Дикки сидел паинькой, сложив ладошки на коленях, чтобы дед видел, как хорошо он себя ведет.

— Ну, сам знаешь. Проповедник Дьюи и герой.

— А-а, — кивнул Джеймс. — Про это? — Он откинулся на сиденье, как бы освобождая место для рассказа. — В воскресенье назавтра после битвы за форт Тайкондерога, когда Итен Аллен побил британца маневром с тыла, а для этого ему понадобилось вскарабкаться чуть не на отвесную скалу, да еще пушки с собой поднять, дело невозможное, всякий скажет, а этот прохвост, этот кремень-человек, Итен Аллен, был еще и выпивши, — так вот, назавтра Джедидия Дьюи у себя с кафедры произносил длинную молитву и в ней благодарил за победу у Тайкондероги одного только Всевышнего. Итену Аллену это было очень уж обидно, он вскочил на ноги, во весь свой высоченный рост — шесть футов шесть дюймов в нем было, — и кричит проповеднику: «Преподобный Дьюи! Преподобный Дьюи!» И в третий раз: «Преподобный Дьюи!» Джедидия глазами захлопал, опомнился, очнулся от экстаза, спрашивает: «Да, сэр?» А Итен Аллен ему: «Будьте добры доложить Всевышнему, что я тоже там был».

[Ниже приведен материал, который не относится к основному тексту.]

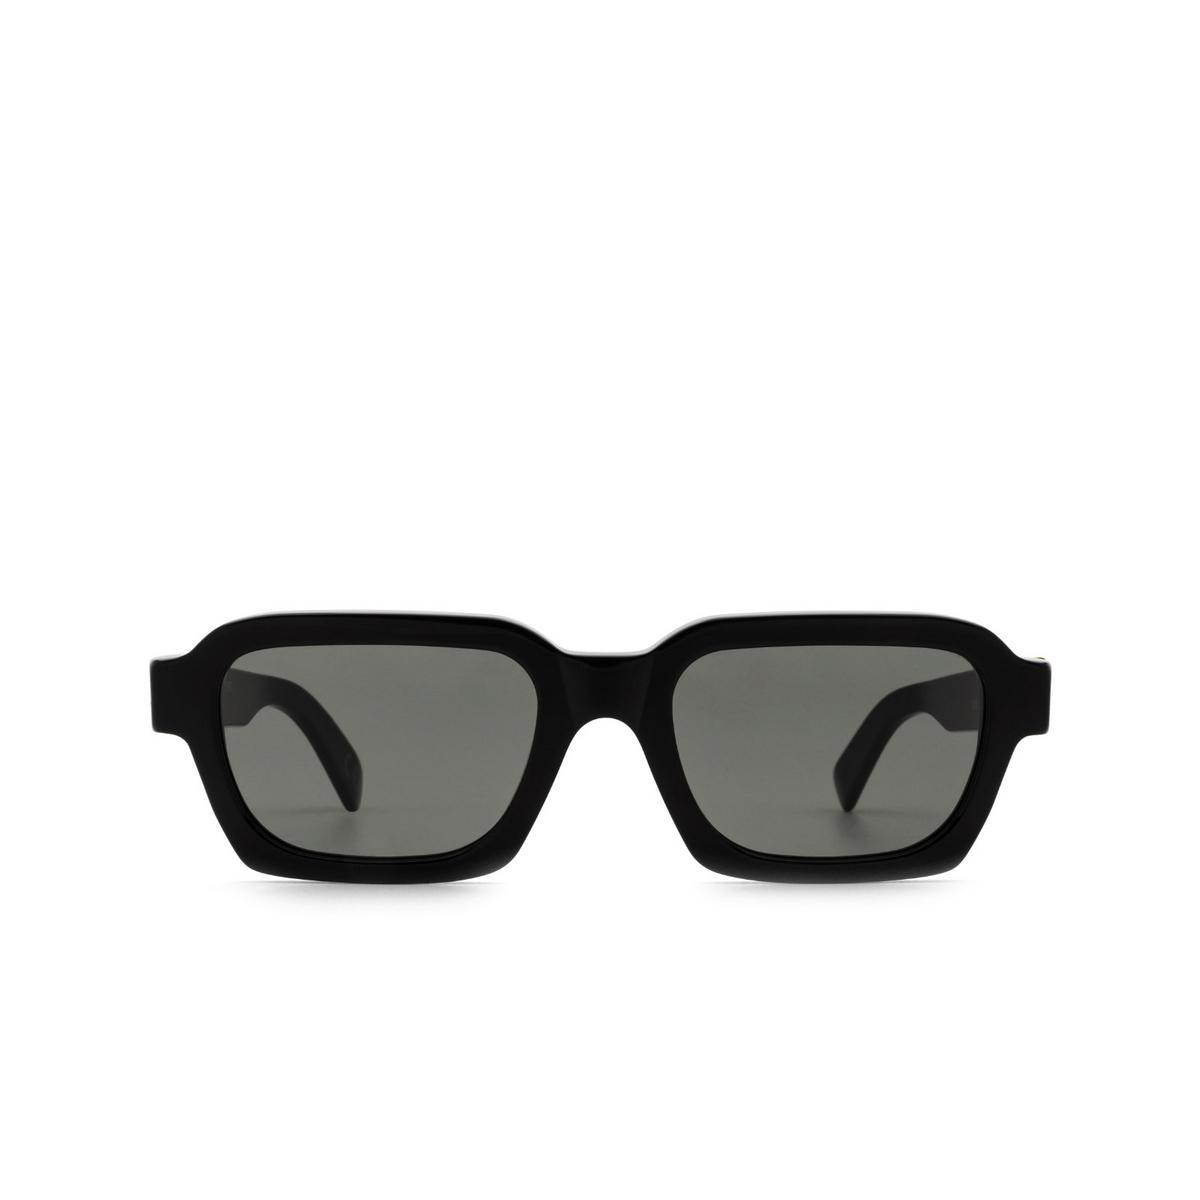 Retrosuperfuture® Rectangle Sunglasses: Caro color Black Njs - front view.

Дикки, как всегда, рассмеялся — Джеймс допускал, что по доброте сердечной.

— И как же считается, это все правда? — спросил Льюис.

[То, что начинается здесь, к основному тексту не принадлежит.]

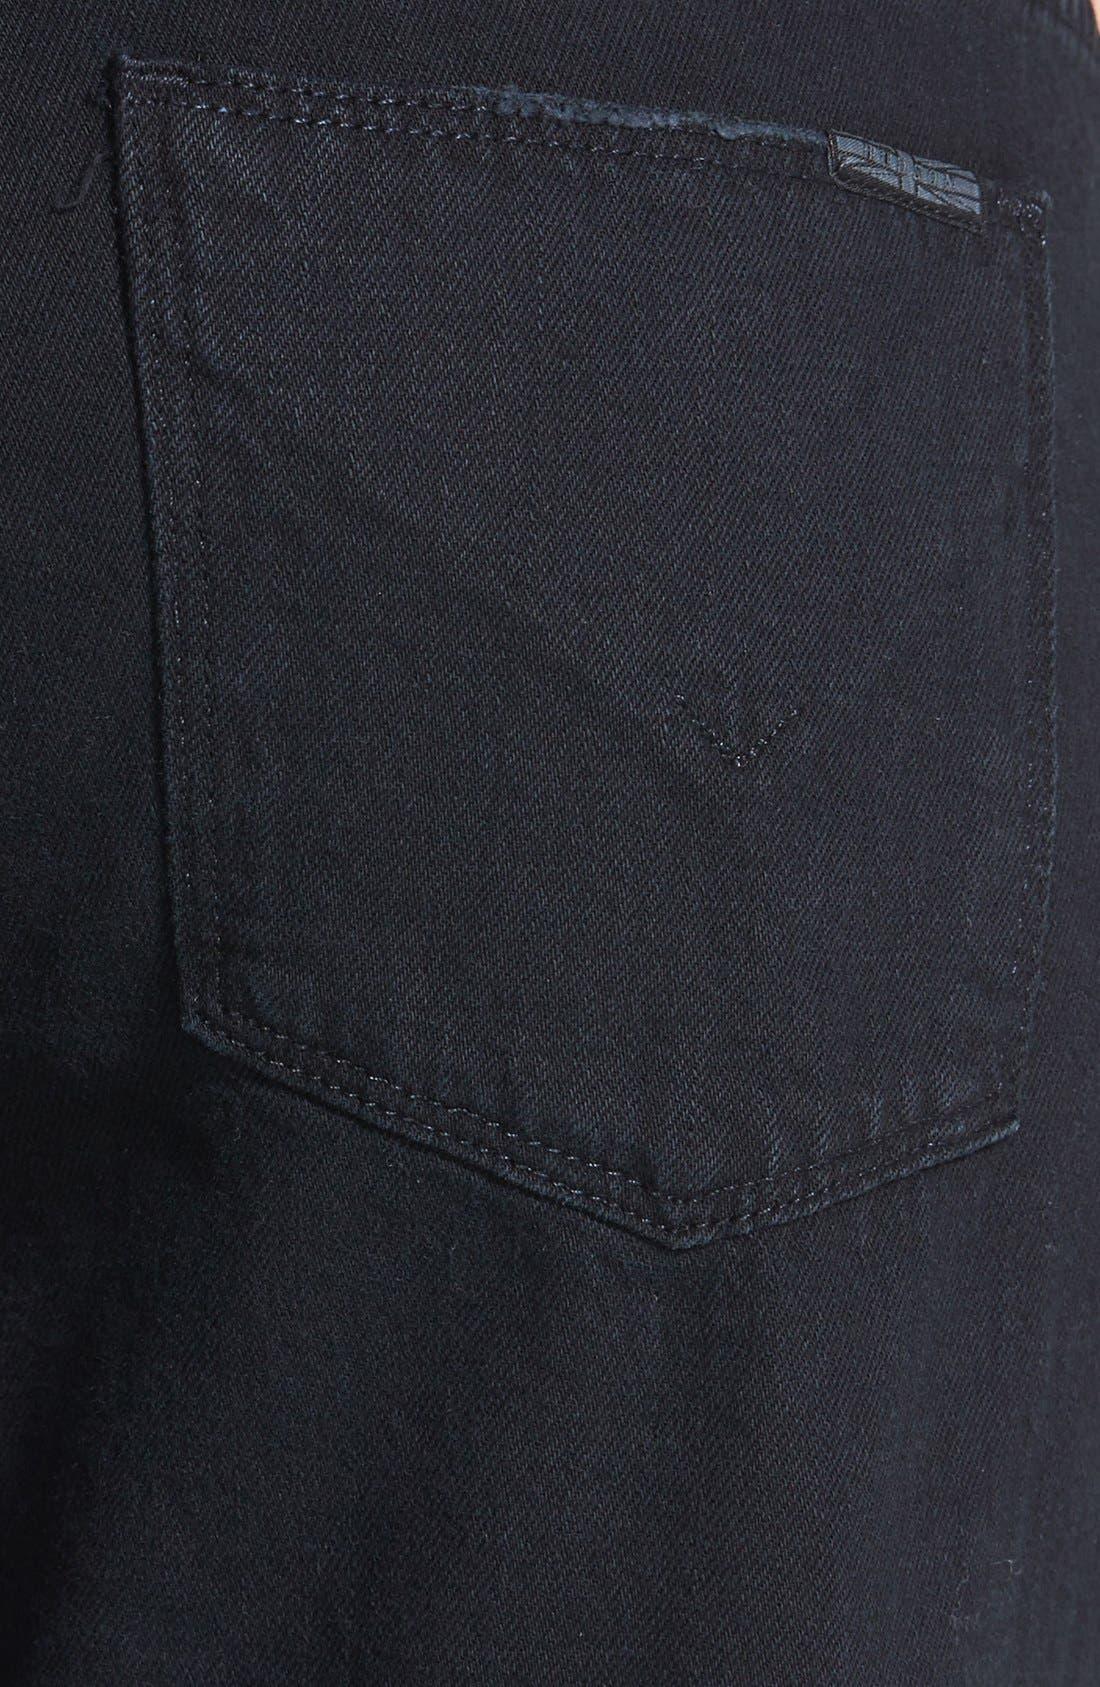 'Leigh' Boyfriend Jeans,                             Alternate thumbnail 3, color,                             001

— Про Итена Аллена что ни рассказывают, все правда, — ответил Джеймс. — На то он и герой.

6

Причин, побудивших старуху выйти наконец из комнаты, было несколько, из них та, что войну она — формально по крайней мере — выиграла, была последней. Она ее, в общем-то, даже и не заметила, свою победу. Джеймс поднялся в ванную и, проходя на обратном пути мимо ее двери — Льюис малярничал, и дверь была отперта, он объяснил, что иначе не может ободрать всю краску, так что пусть она, пожалуйста, дверь откроет, — Джеймс подошел и сказал:

— Эд Томас говорит, что телевизор — замечательное изобретение. Выборы смотреть. Я об этом как-то не думал... А он плох, Эд. Сам он так считает, что не выкарабкается.

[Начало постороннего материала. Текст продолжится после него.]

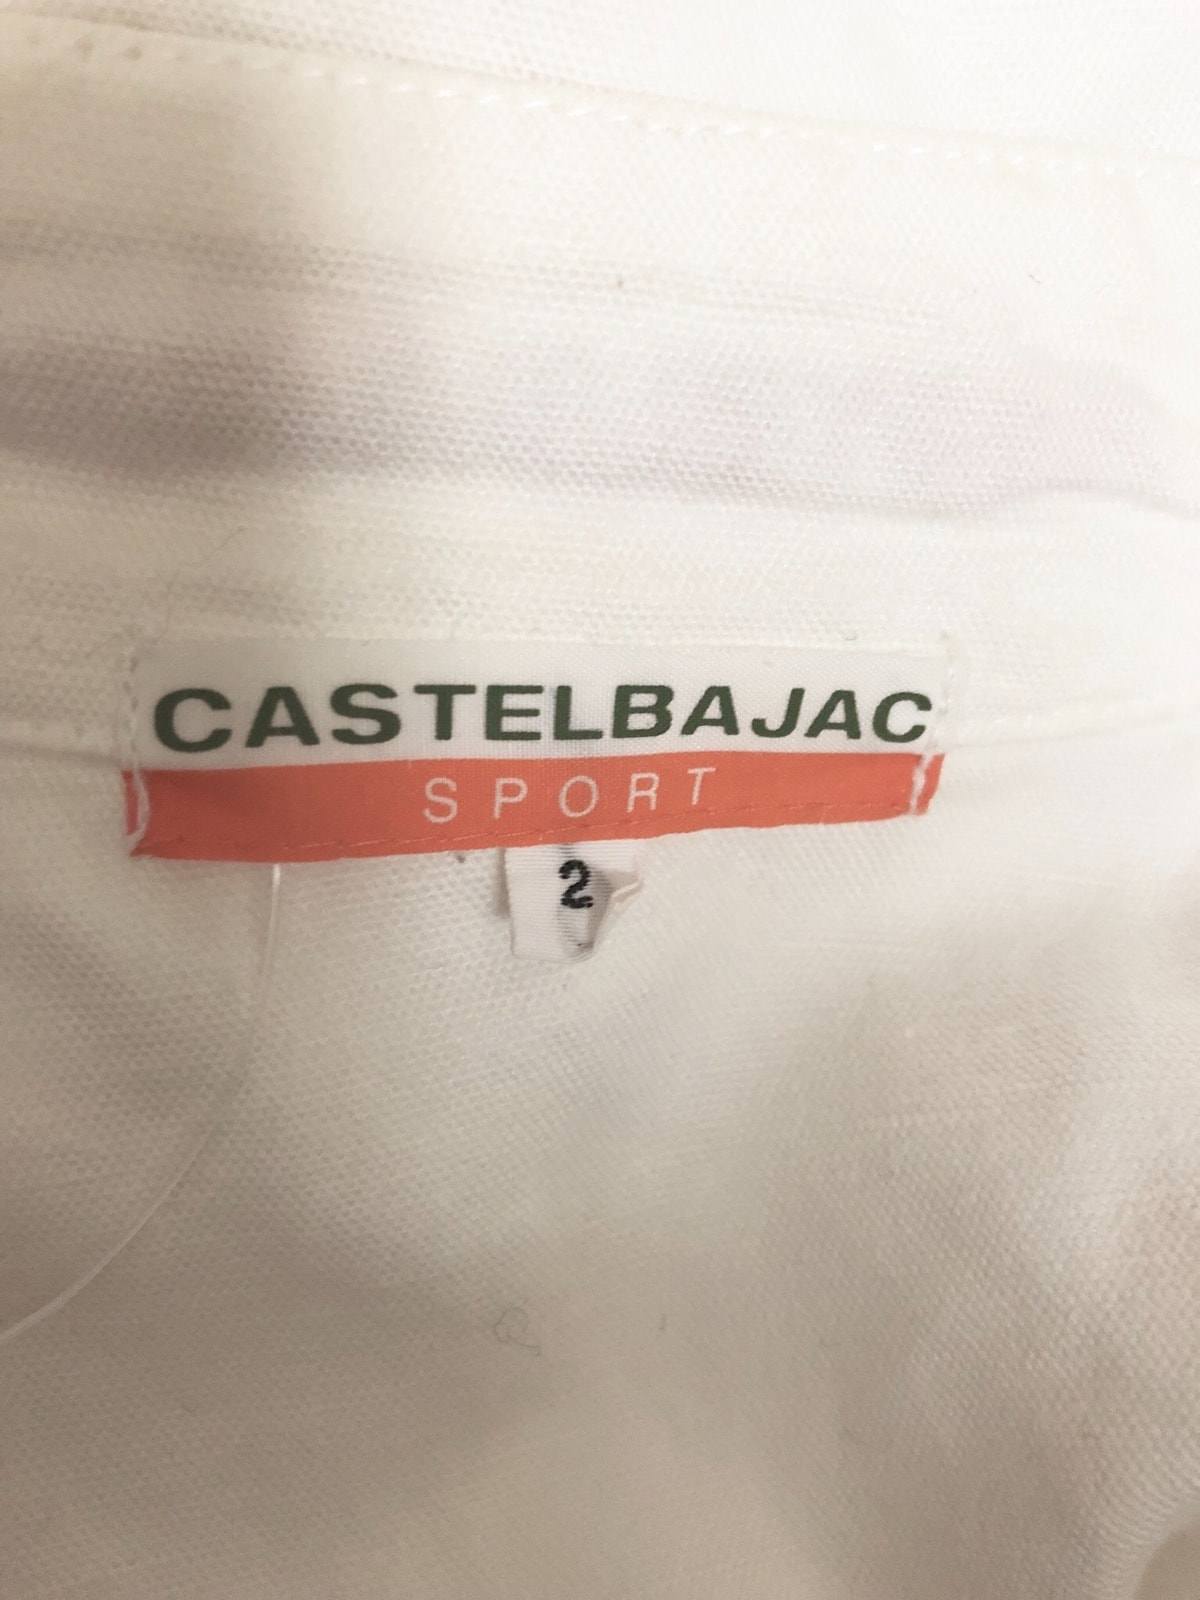 CastelbajacSport(カステルバジャックスポーツ)のブルゾン

— Что? — встревоженно переспросила Салли, шире раскрывая дверь и заглядывая брату в глаза.

— По правде сказать, вид у него неважный.

Она повернула голову и вопросительно посмотрела на Льюиса:

— Ему что, хуже стало? — И схватилась за сердце.

Льюис не отрывал глаз от малярной кисти. Он красил косяк двери в ослепительно белый цвет; а ее мнения даже не спросил. Но, раздосадованная, она все-таки вернулась мыслью к Эду и бедняжке Рут. Льюис ответил:

— Очень бледный он. И слаб, как мышь.

Салли даже не заметила, как переступила порог и очутилась в коридоре.

— Бедняжка Рут, — проговорила она. И в тысячный раз с удивительной ясностью вспомнила, как рыдала тогда, в тот ужасный канун Дня всех святых, двадцать лет назад, наполовину со страха, наполовину от горькой потери. Она вошла, а он в кресле, еще теплый, и пластинку на проигрывателе заело — оттого-то Салли и вошла к нему. И, сама не зная как, она вдруг заговорила об этом, заговорила с Джеймсом и одновременно с Рут, которую видела в своем воображении, — Помню, как мне было, когда умер Горас. Я чуть сама не умерла от слез. По крайней мере у Рут обойдется без тайны, ей хоть не страшно будет.

— Что за тайна? — не понял Джеймс.

— Да помнишь, дверь оказалась открытой. Может, это и никакого отношения не имело к его смерти, может, он просто угостил кого-нибудь из детишек — дело было в канун Всех святых — и не успел дверь затворить, как его скрутило. Но у меня тогда долго из головы не шло, и теперь иной раз думается...

Джеймс слушал щурясь, охваченный тревогой.

— Что, если он видел что-то... или кого-то... если его нарочно испугали и от этого у него и случился припадок. Видели же, не могли не видеть, что ему стало плохо, но все равно убежали, и он один едва добрел до кресла и... Наверно, кто-то из детишек. Только как мог ребенок... — Она не договорила. — Ты что, Джеймс?

Старик весь дрожал, пальцы теребили подбородок, на правой щеке часто дергался мускул, будто какой-то механизм вышел из-под контроля. Запульсировала жила на шее, будто сердце убыстрило темп, и что-то такое мелькнуло в его лице, словно бы вспыхнул на миг темный свет.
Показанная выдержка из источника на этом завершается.